A loop-the-loop track consists of an incline that leads into a circular loop of radius r. What is the minimum height that a mass can be released from rest and still make it around the loop without falling off? Neglect friction.

First, we need to know the minimum speed at the top of the loop for the mass to remain on the track. We do this by DID TASC.

Step 1: Draw diagram and coordinate system.
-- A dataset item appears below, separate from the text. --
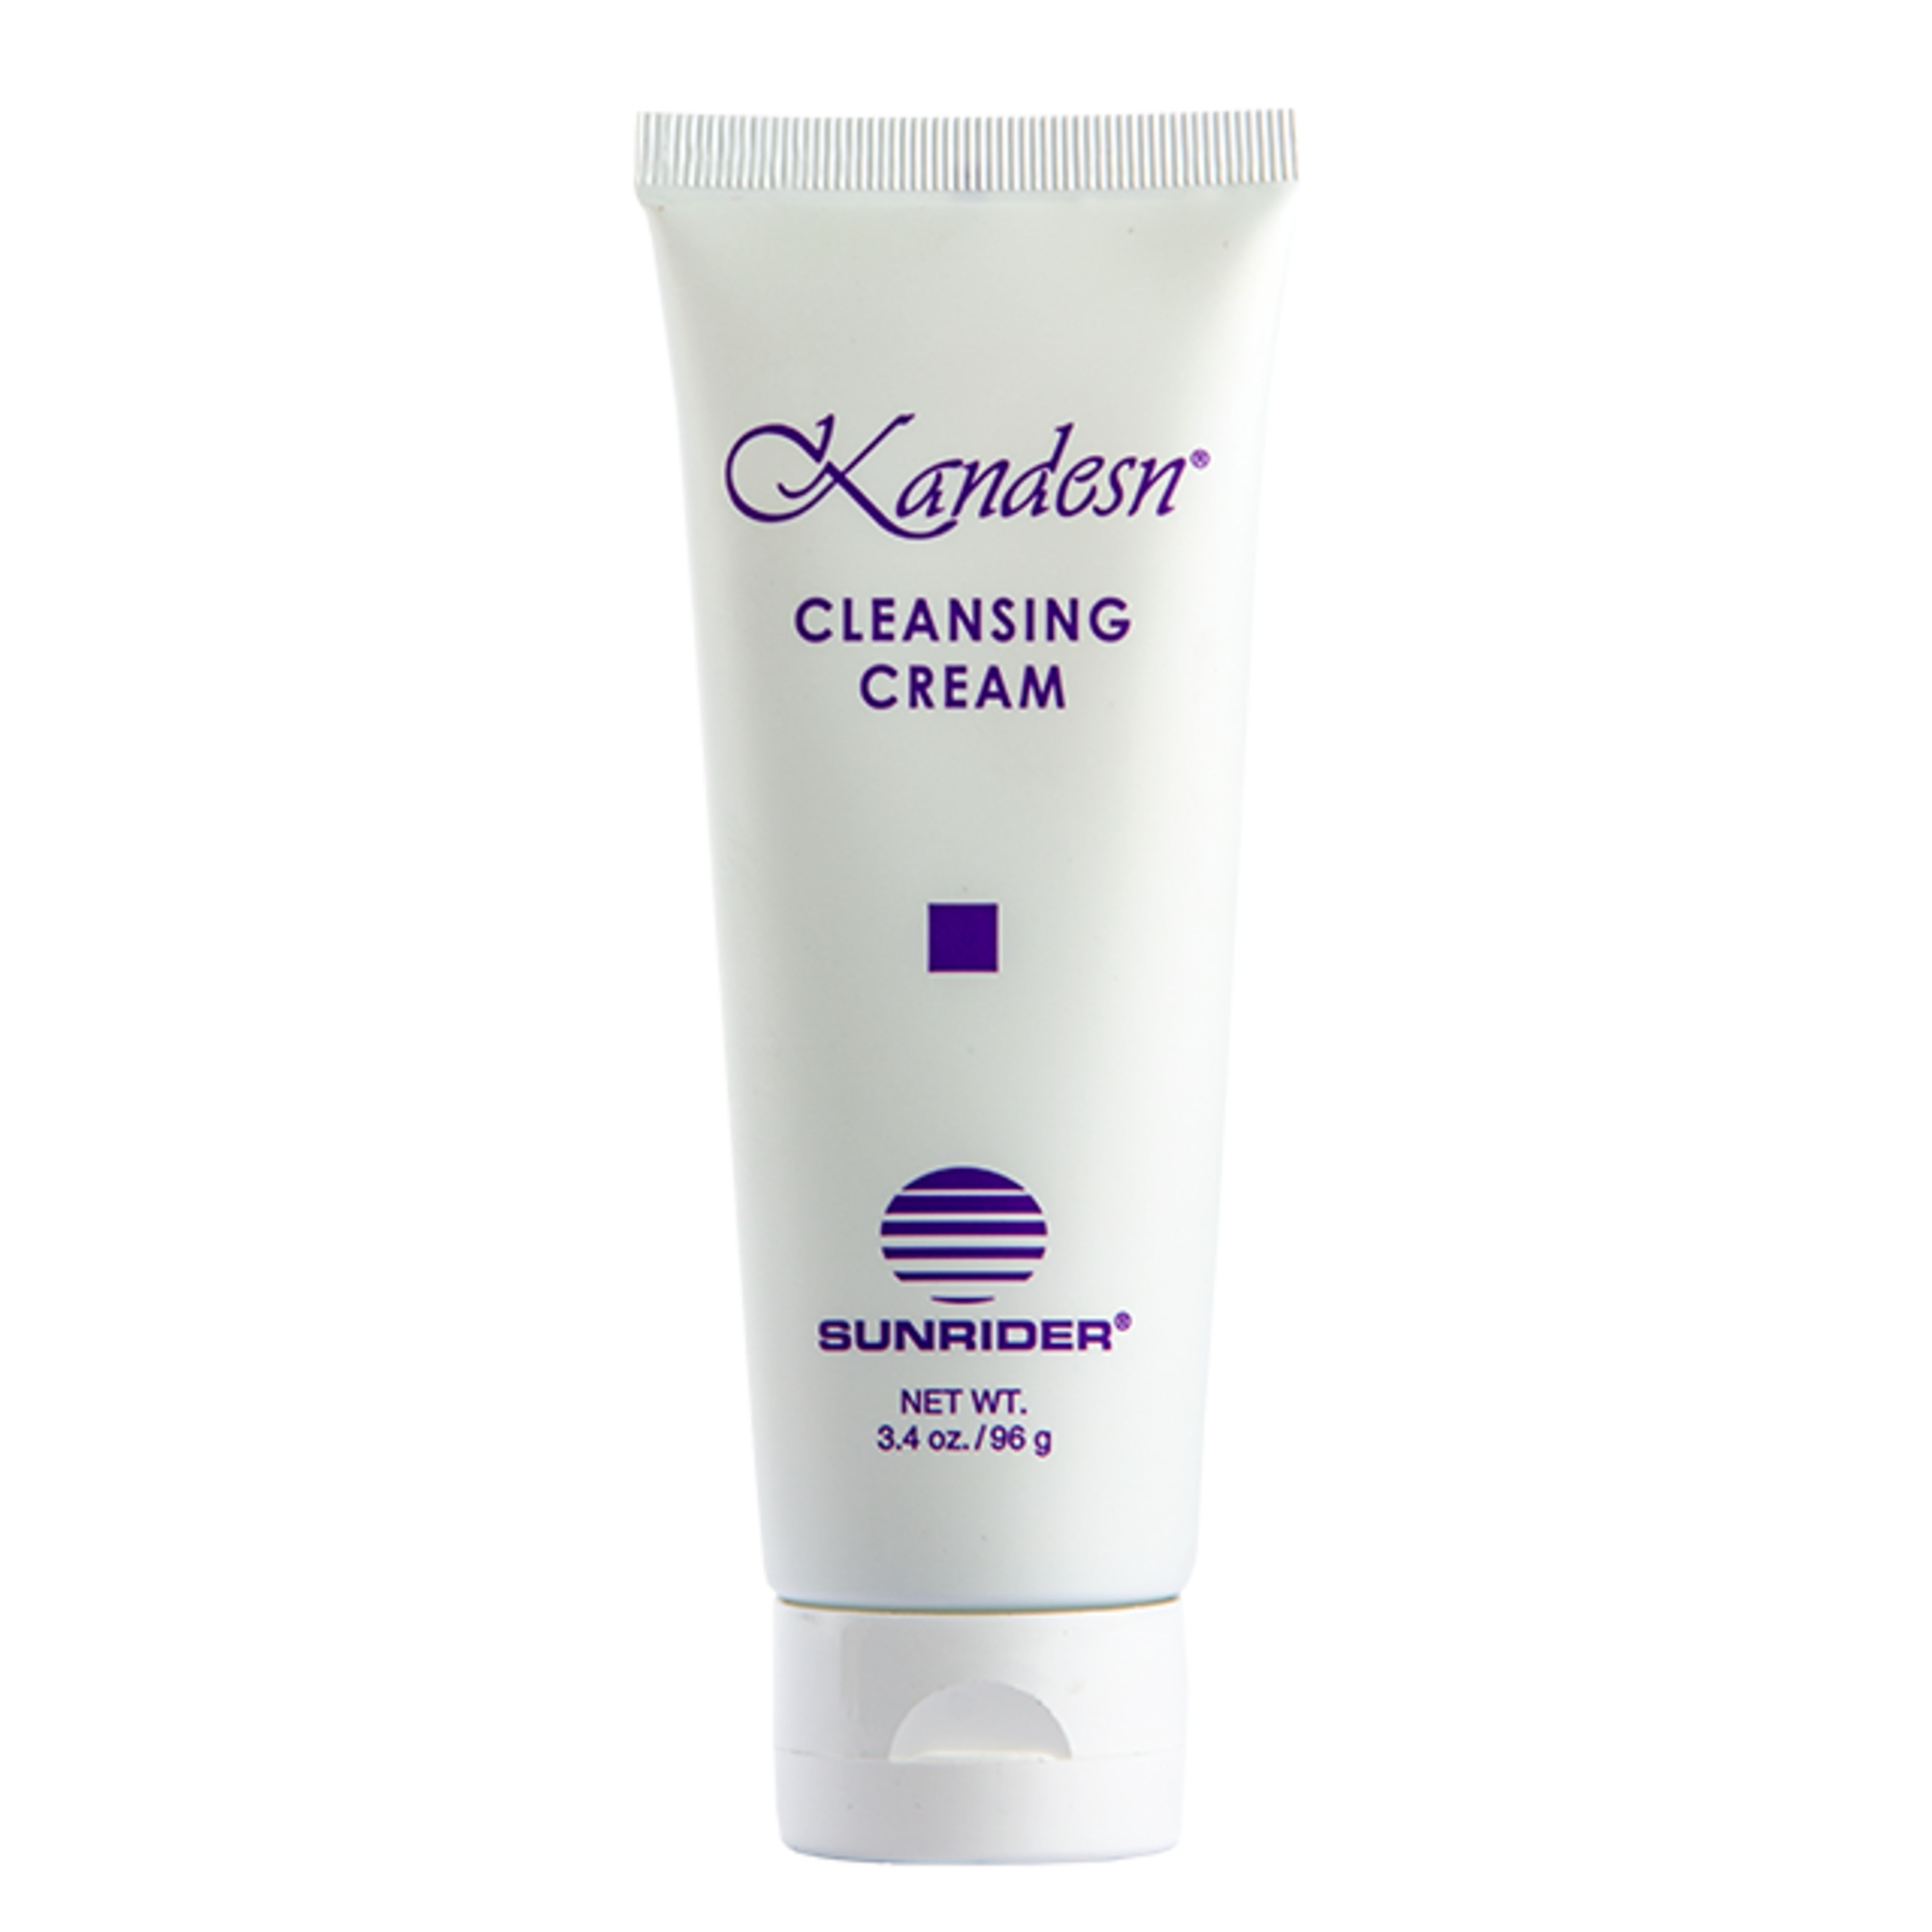 0127034-Kandesn-Cleansing-Cream-3.4oz-In.png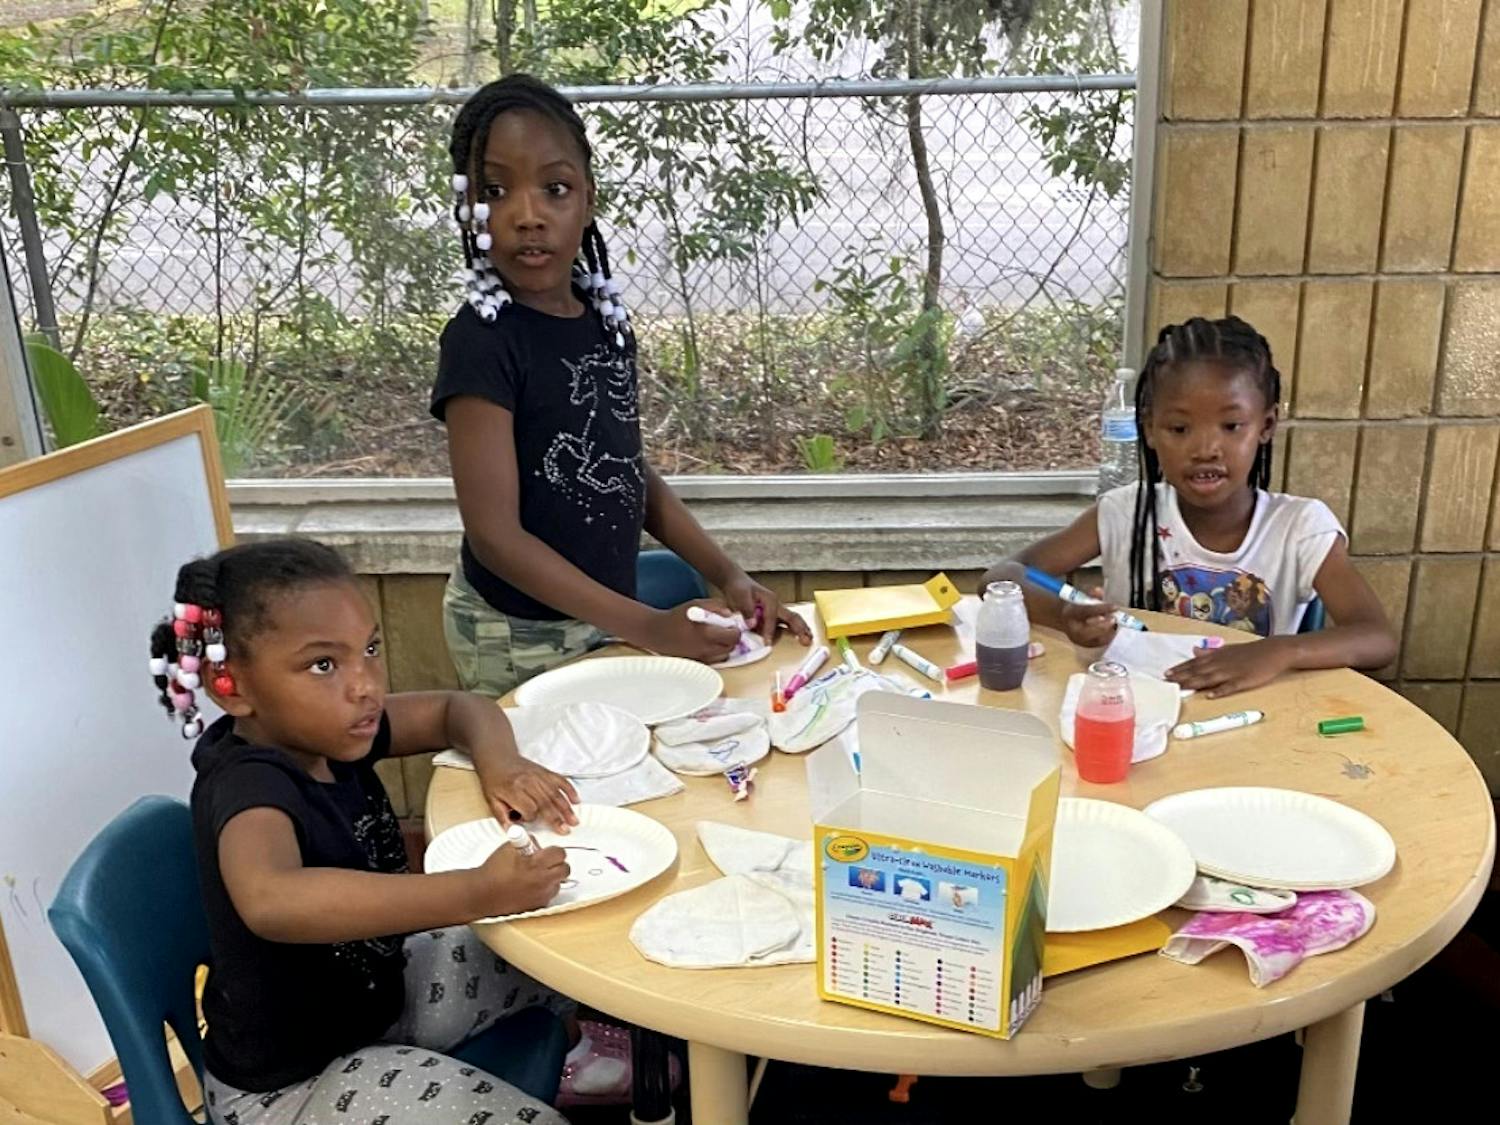 (From left to right): Sereniti Miller, Seyvyer Miller and Aariona Williams keep themselves busy with arts and crafts at Wash King on Tuesday, March 28, 2023.

Step 2: Isolate the system.

Step 3: Draw all forces.

Step 4: Take components.

Step 5: Apply Newton's second law.

Step 6: Solve.

Step 7: Check.

Step 3: At the top of the loop, the two forces are N and mg, both acting down.

Step 5:
ΣF_{r} = N + mg =
mv^{2}/r → N = mv^{2}/r - mg.

Step 6:
Minimum speed is given by N=0
→ v^{2} = gr.

Multiply by ½ m to get: ½
mgr = ½ mv^{2}.

The minimum kinetic energy at the top is ½ mgr.

Now determine the initial kinetic energy needed by D0EL.

Step 1: Define/draw diagram and coordinate system.

Step 2: Choose a consistent zero.

Step 3: Energy conservation.

Step 4: Losses.

Step 2: The zero level for potential energy is the bottom of the loop.

Step 3: U_{i} + K_{i} = U_{f} + K_{f}.

K_{i} = 0, U_{i} = mgh,
while K_{f} = ½ mgr, U_{f} = mg(2r).

Energy conservation: mgh = ½ mgr + mg(2r)

Finally, h = 2r + r/2 = 5r/2.

A mass released from lower than h = 5r/2 will fall off the loop. A mass
released from higher up will have a non-zero normal force at the top, and
will loop the loop.